Do You Make Pain Your Reintegration Ally?
2-½ minutes to read
As many as a hundred and fifty sailors come through WTP Sembach each week. Few had an easy time during deployment. The heat and austere operating environment challenged them. Sometimes they had to toughen themselves to substandard leadership. You can quit a civilian job. But you can't quit deployment. At least not without leaving the military on bad terms. Such physical and emotional pain exposes weaknesses…
The Power of Pain
The Navy deploys many sailors to Bahrain, home of the U.S. 5th Fleet. Those who go to Manama live in high-quality hotels, eat good food, and have access to lots of amenities.
But the sailors assigned to Isa Air Base live a Spartan existence. The heat is often unbearable. A few weeks ago, the air conditioning in working dog’s kennel broke. When discovered three hours later, the animal was close to death. With no veterinarian on base, a human medical team responded. Despite valiant efforts, the dog died.
Though it may sound trivial, the loss of this canine hit people hard. It traumatized more than one of the medical team. It desolated a young woman who visited the dogs to maintain her resilience. Bureaucracy moves slowly. But policy for checking on military dogs changed overnight as a result of this incident.
4 Steps to Using Pain for Gain
When in a painful situation, you can respond in two ways. Most people seek to free themselves from pain. The sooner they get relief the better. In doing so, they fail to take advantage of pain’s ability to help them.
Athletes know how to benefit from pain. They create training plans that push beyond their limits. Increasing strength and endurance requires suffering sore muscles and joints. In the crucible of intentional discomfort, they progress toward their goals.
Pain can strengthen your mind and spirit too. Such changes usually come through random events. But you can create a training regimen to adapt your identity, build up mental acuity, and toughen your spirit.
If a basketball player chokes when throwing free throws, he’ll practice them until it hurts. He’ll analyze every movement of his body. With painstaking precision, he’ll determine where he’s failing. Then he’ll drill himself to correct these flaws.
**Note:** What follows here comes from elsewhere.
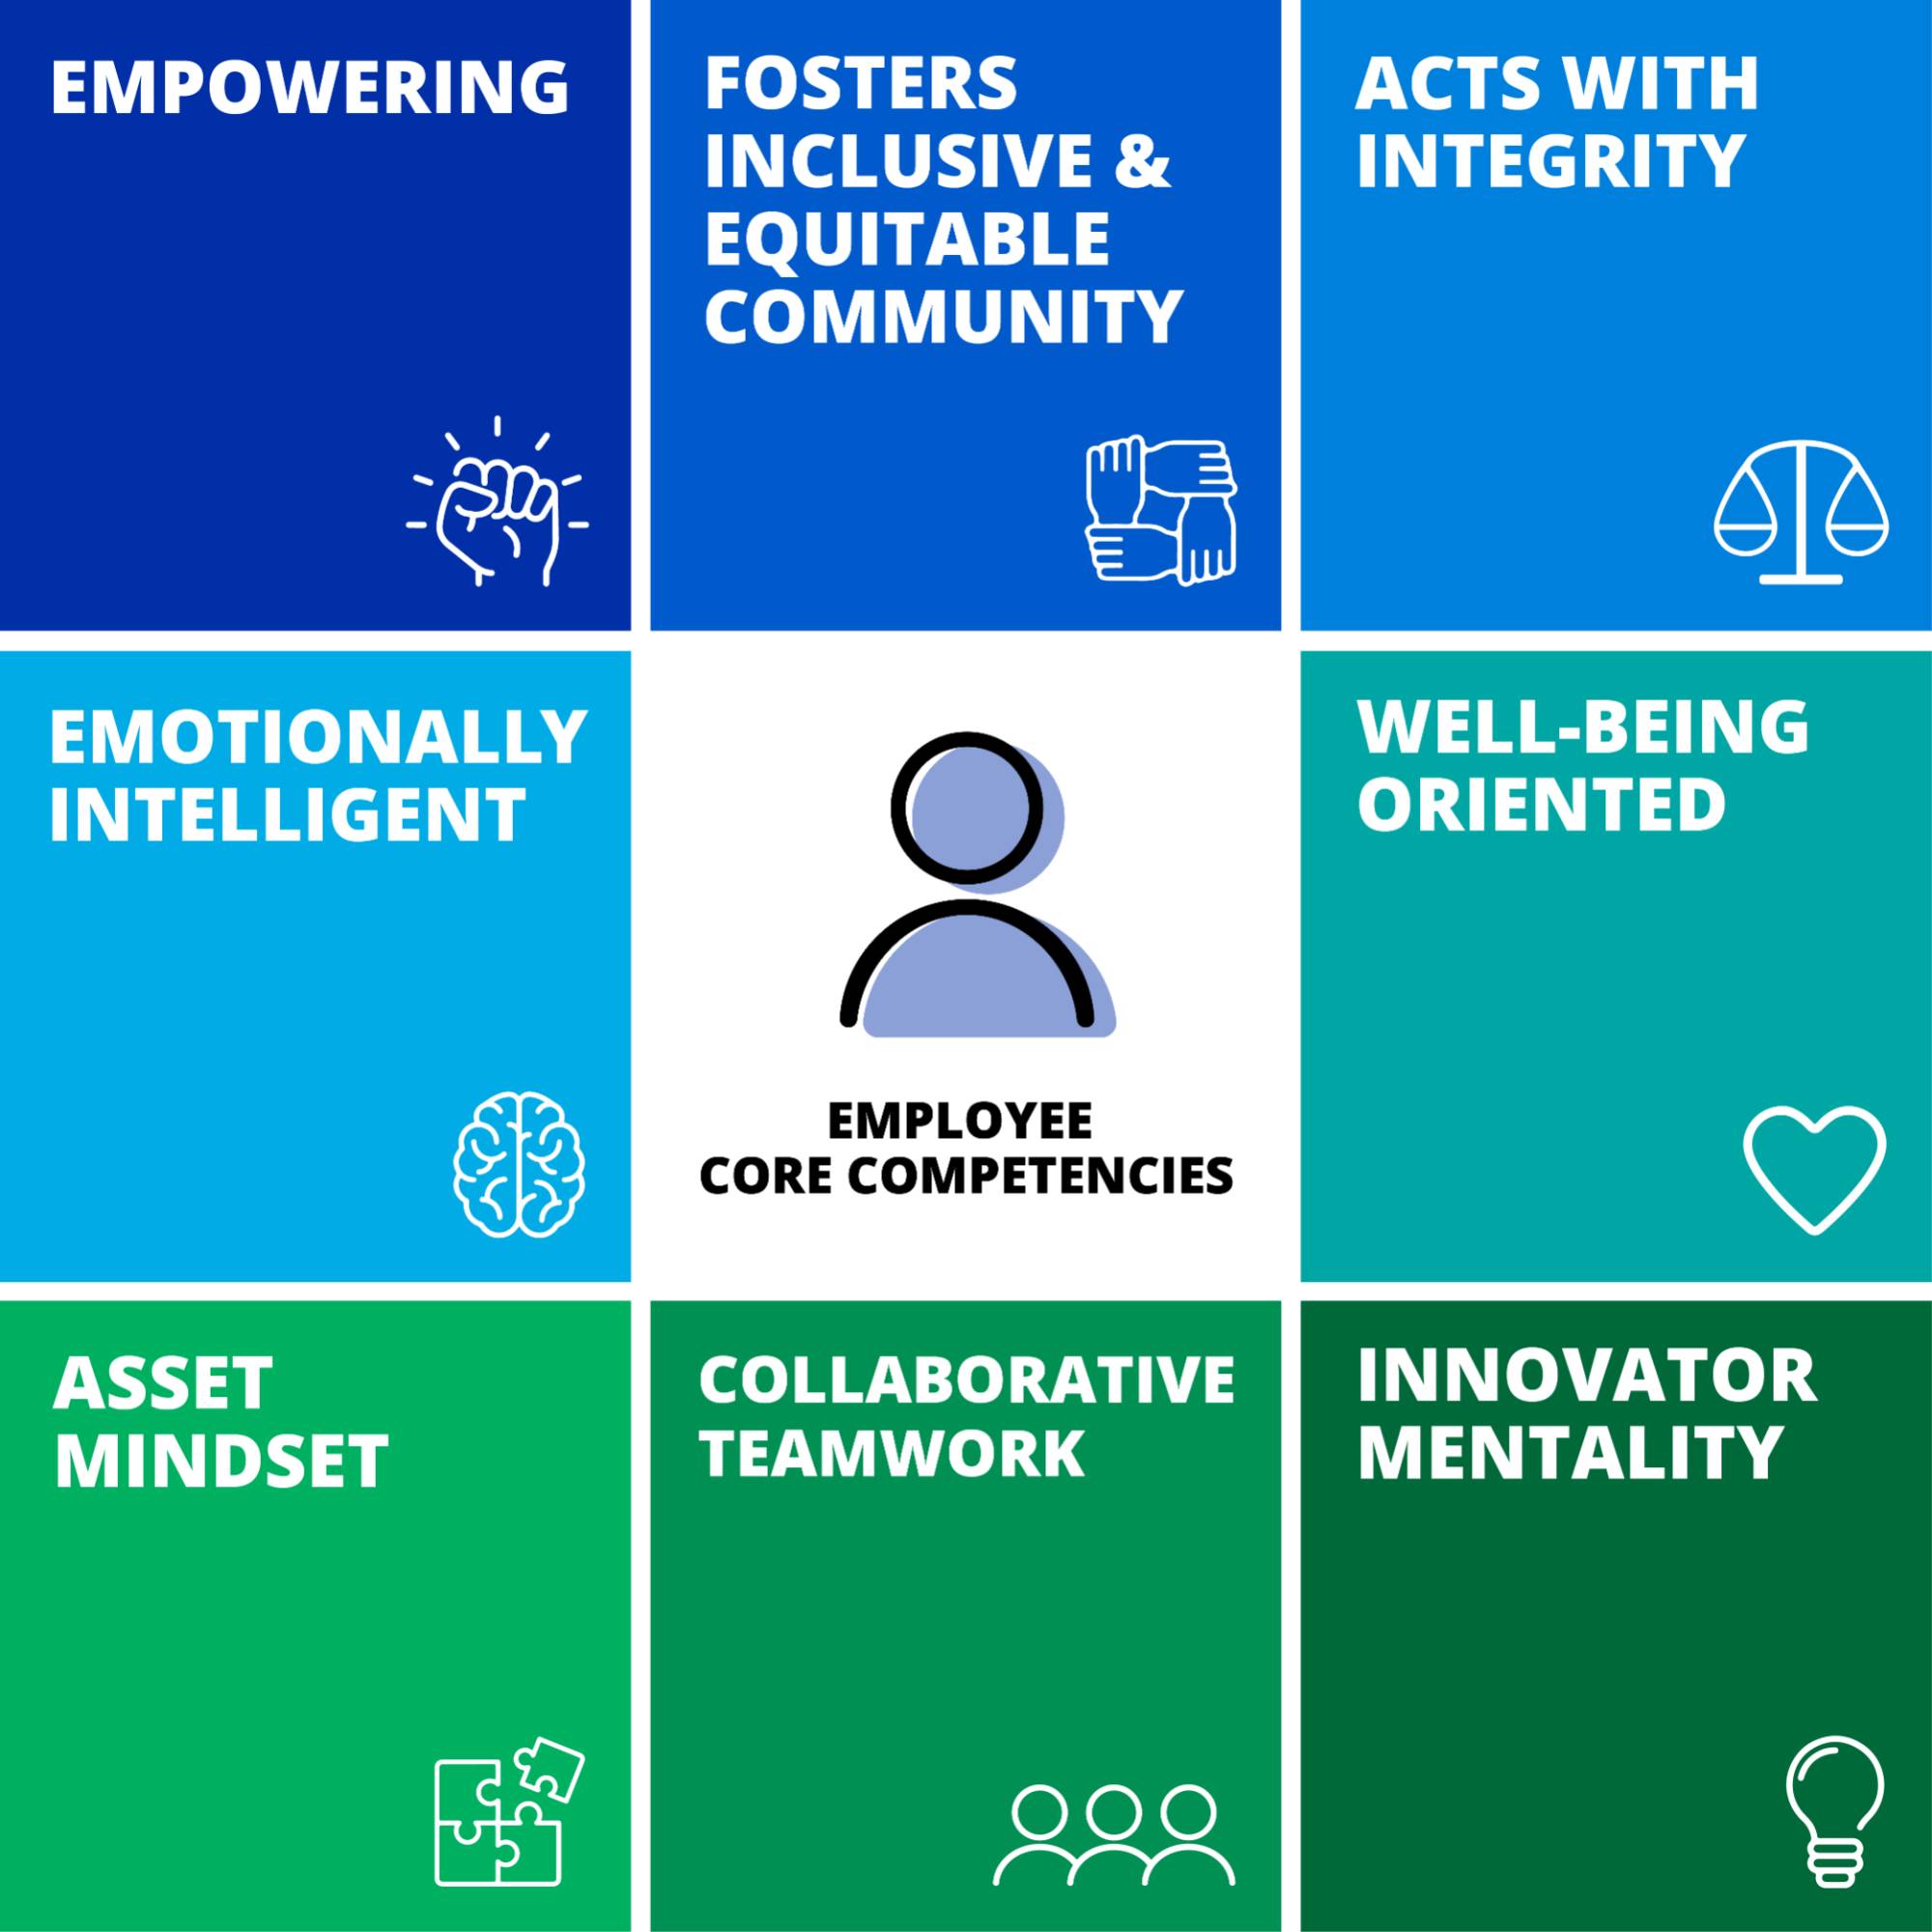 The 8 GVSU core competencies with icons: empowering, fosters inclusive and equitable community, acts with integrity, emotionally intelligent, well-being oriented, asset mindset, collaborative teamwork, and innovator mentality.

Life transitions are filled with mental and spiritual challenges. Train to overcome them like an athlete would:
1. Pinpoint Your Shortcomings. Is your identity holding you back? Do you get tongue-tied when asking the hiring manager for the job? When you get too many rejections in a day does your spirit let you stop job-hunting? Find your weaknesses by asking hiring managers who didn't give you a job. Talk with a transition coach.
2. Own Them. You won't endure the pain of change if you convince yourself everything is okay. Don't beat yourself up. Acknowledge where you need to grow.
3. Make a Training Plan. Develop a blueprint to strengthen your weak points. It's best in a controlled situation. Partner with another veteran. Brainstorm ways to overcome your obstacles. Practice them. Get feedback. Work with a coach. If necessary, use actual meetings to train. Some meetings for a job don't go well. Use them as exercises to build your abilities. Have a couple of strategies ready to try and see how it goes. What have you got to lose?
4. Push to the Pain Point. Make sure your plan takes you beyond your comfort zone. Don't injure your mind or spirit. But use pain as a tool to embed change.
Competition in the private sector is fierce. We win in combat by out training the enemy. Adapt the same strategy for reintegrating to civilian life. Use pain to gain.
Who can you partner with to train for your transition?